Breast Cancer Diagnosis Gap Now Gone

While breast cancer is a legitimate concern for all women regardless of race and even age, whites historically have had a higher incident rate of this potentially fatal disease. That’s no longer the case, however, according to a recently released study published by the American Cancer Society.

Researchers found that the gap in diagnosis rates between the two races essentially closed between 2008 and 2012 in the United States. In 2012, in fact, the breast cancer incident rate for white women was 135 cases per 100,000 women. The rate was 135.2 cases per 100,000 black women in that same year.

The gap has been evidenced in incidence rates since about 1975. While the overall number of diagnosed cases in whites has remained relatively stable, the rates of diagnosis for black women climbed by about 0.4% a year between 2008 and 2012.

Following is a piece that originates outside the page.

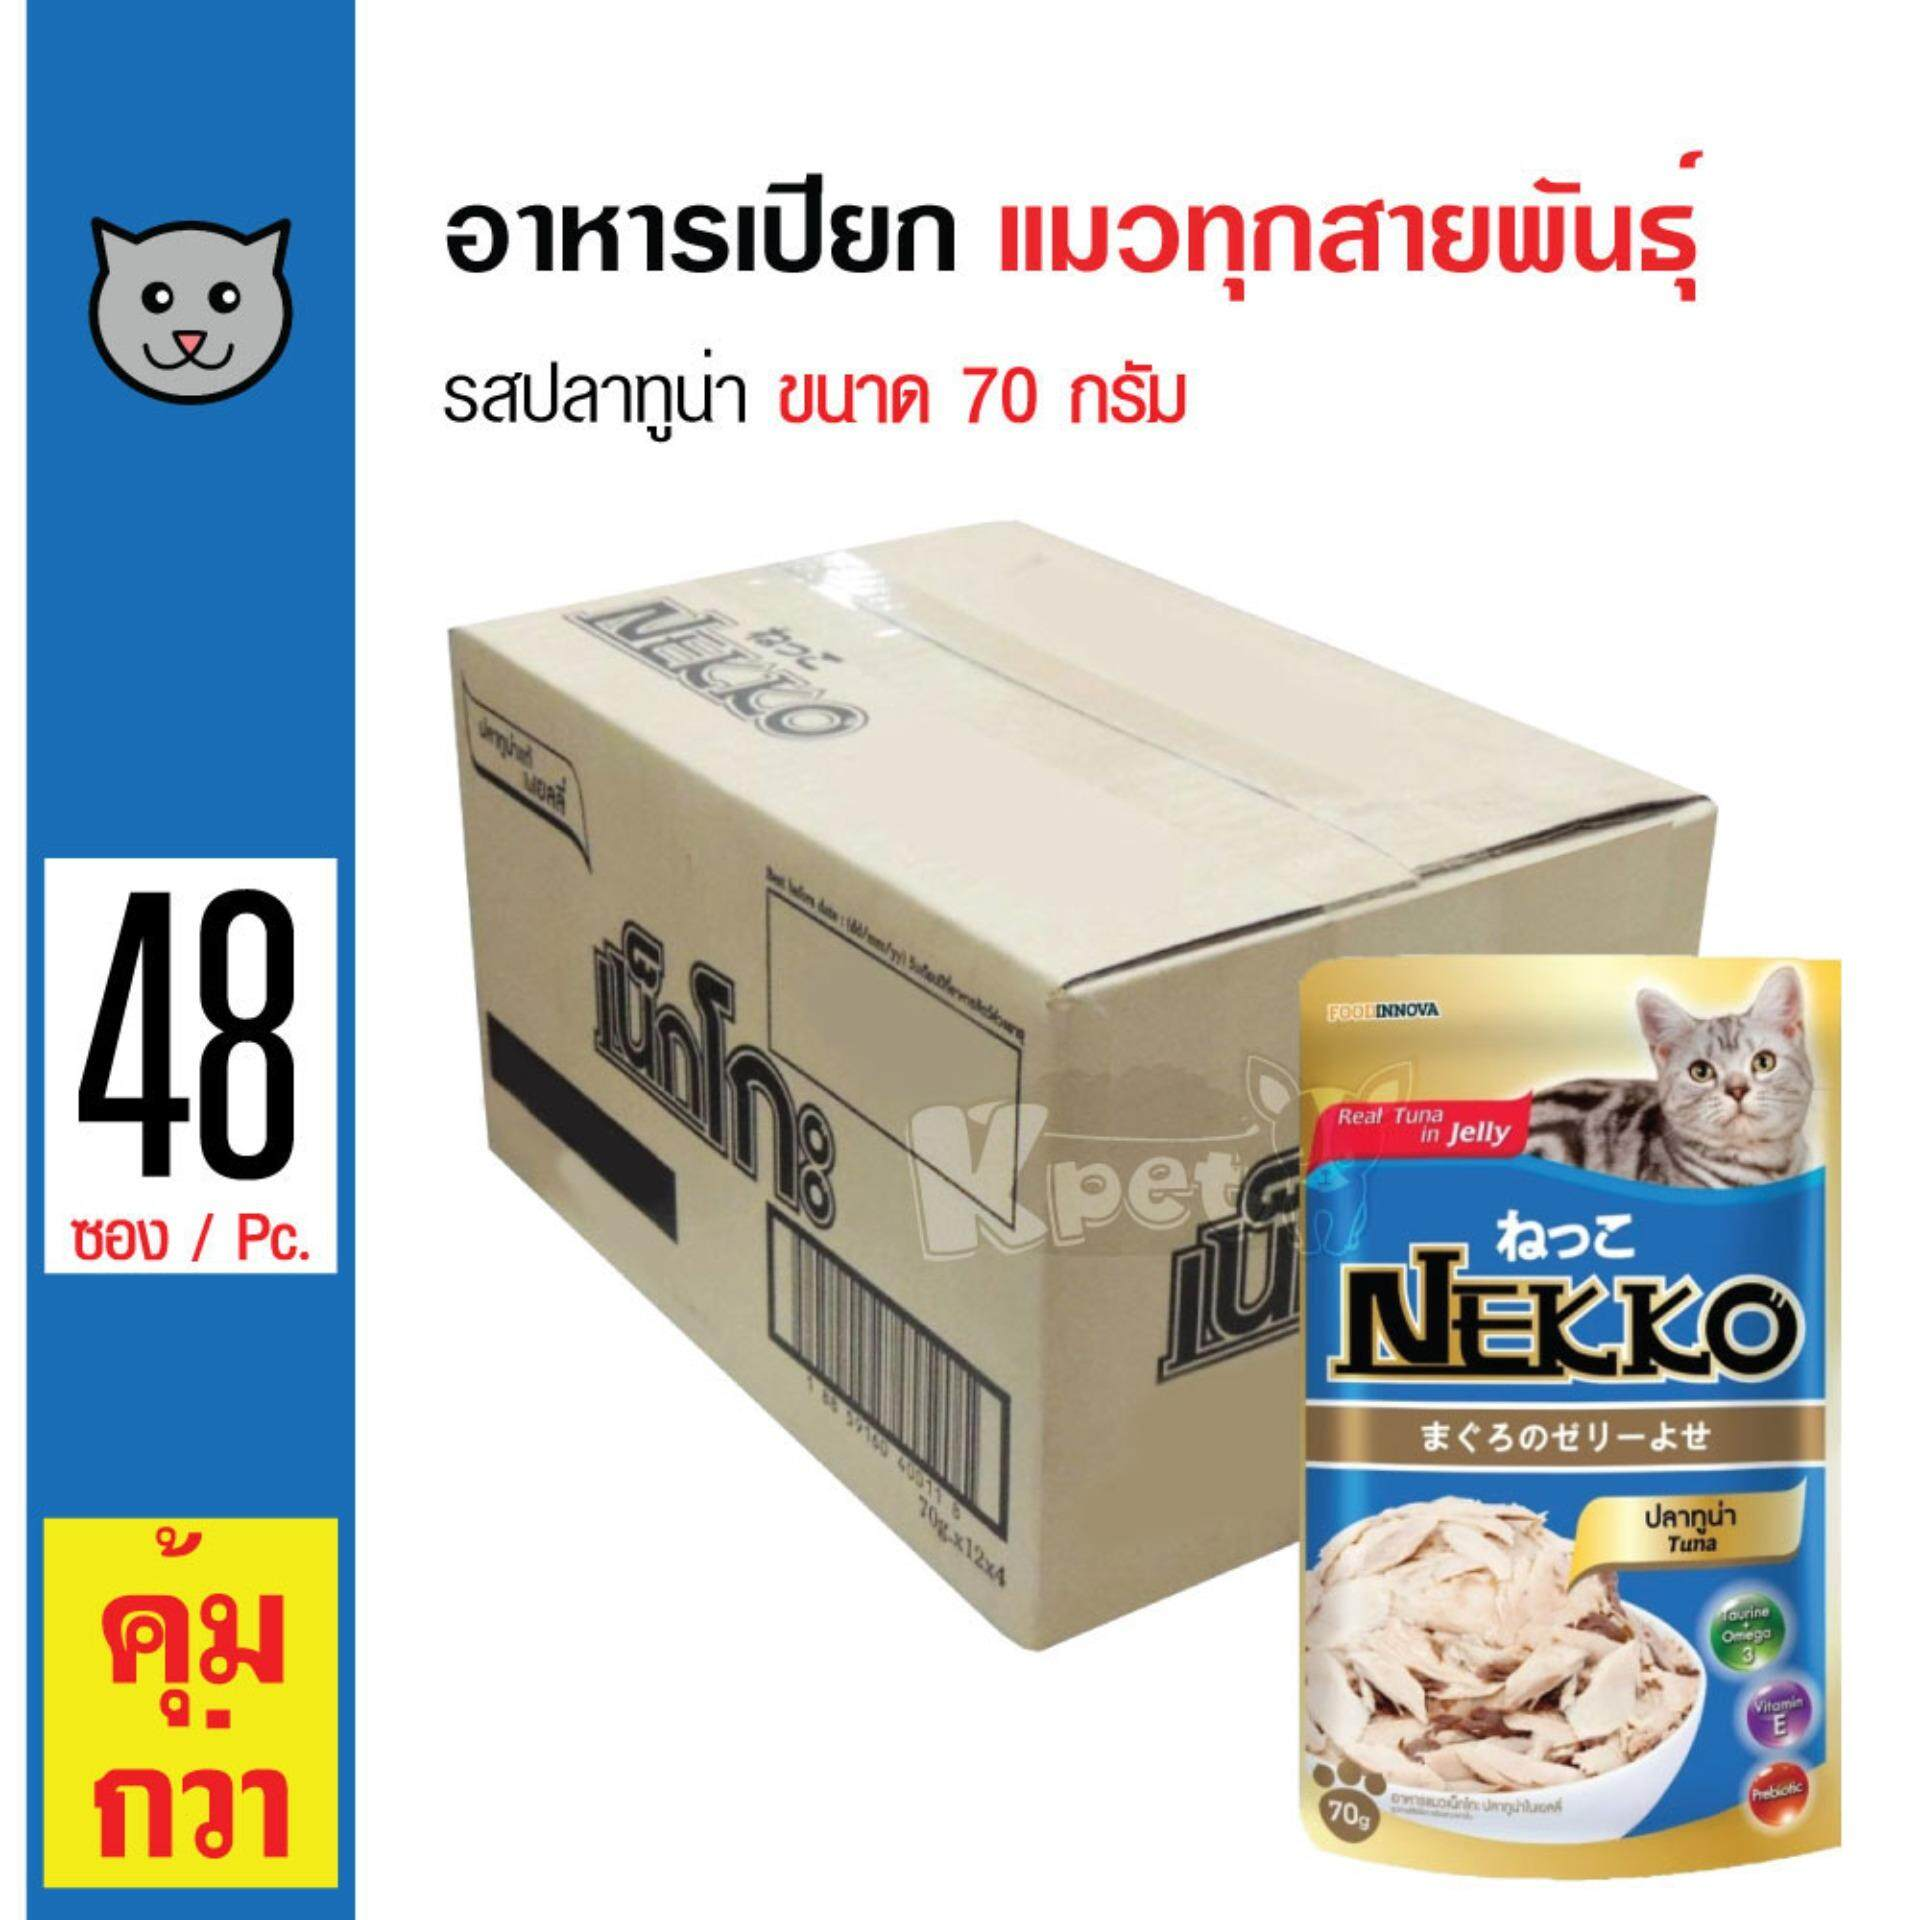 Nekko Tuna Pouch อาหารเปียกแมว อาหารแมว สูตรปลาทูน่า บำรุงขน สำหรับแมวทุกสายพันธุ์ (70กรัม/ซอง) X 48 ซอง By Kpet.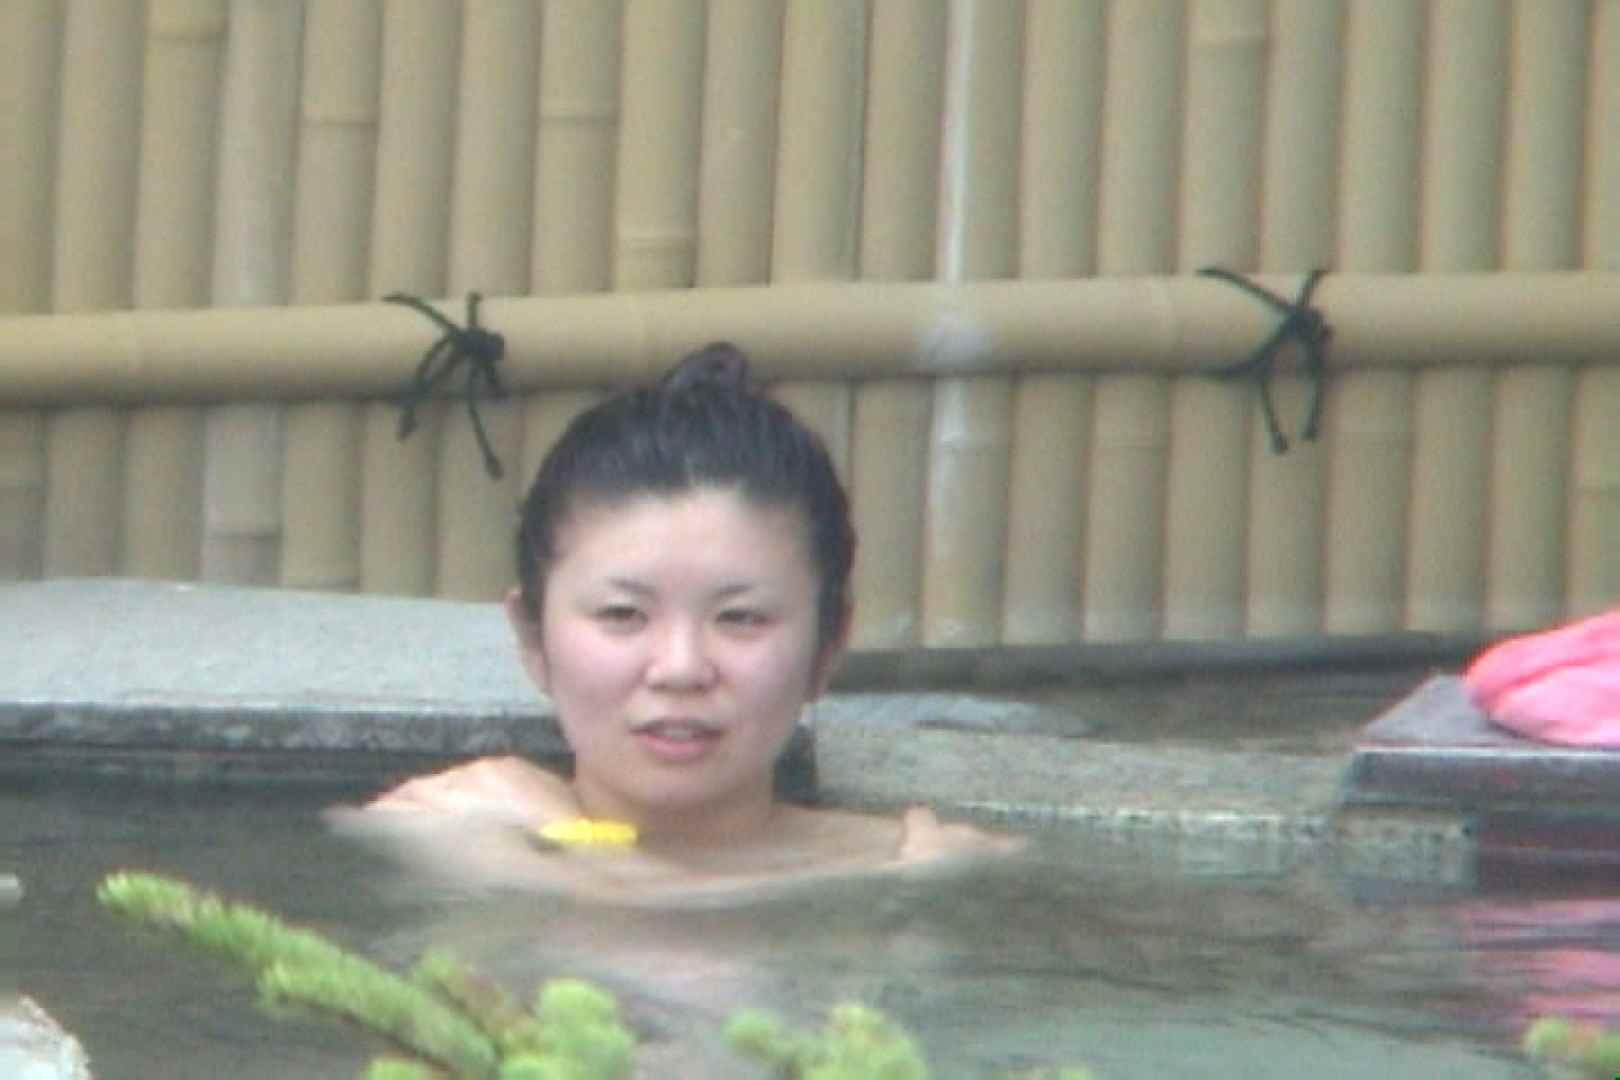 Aquaな露天風呂Vol.47【VIP限定】 露天風呂 隠し撮りオマンコ動画紹介 101連発 2

Researchers are not entirely sure what’s driving the higher diagnosis rates in the black population, but they do have some ideas. Increased screening is not seen as a likely explanation. Obesity, however, may play a role, researchers said, since it is linked to post-menopausal breast cancer. The obesity rate has continued to increase in black women, but has mostly leveled off in whites, they said.

Although the full implications of the numbers and the likelihood they may continue to rise remain unclear, the findings point to the importance for all women to undergo routine screening for this disease. Breast cancer is estimated to strike about 246,000 American women each year in its invasive form. About 40,000 women die annually from this disease in the United States.

Women who are age 40 or over are urged to talk about undergoing mammograms with their healthcare providers. Other screening procedures may also be recommended. The best recommendations, however, will come from a doctor who has information about a woman’s individual risk factors and personal medical history.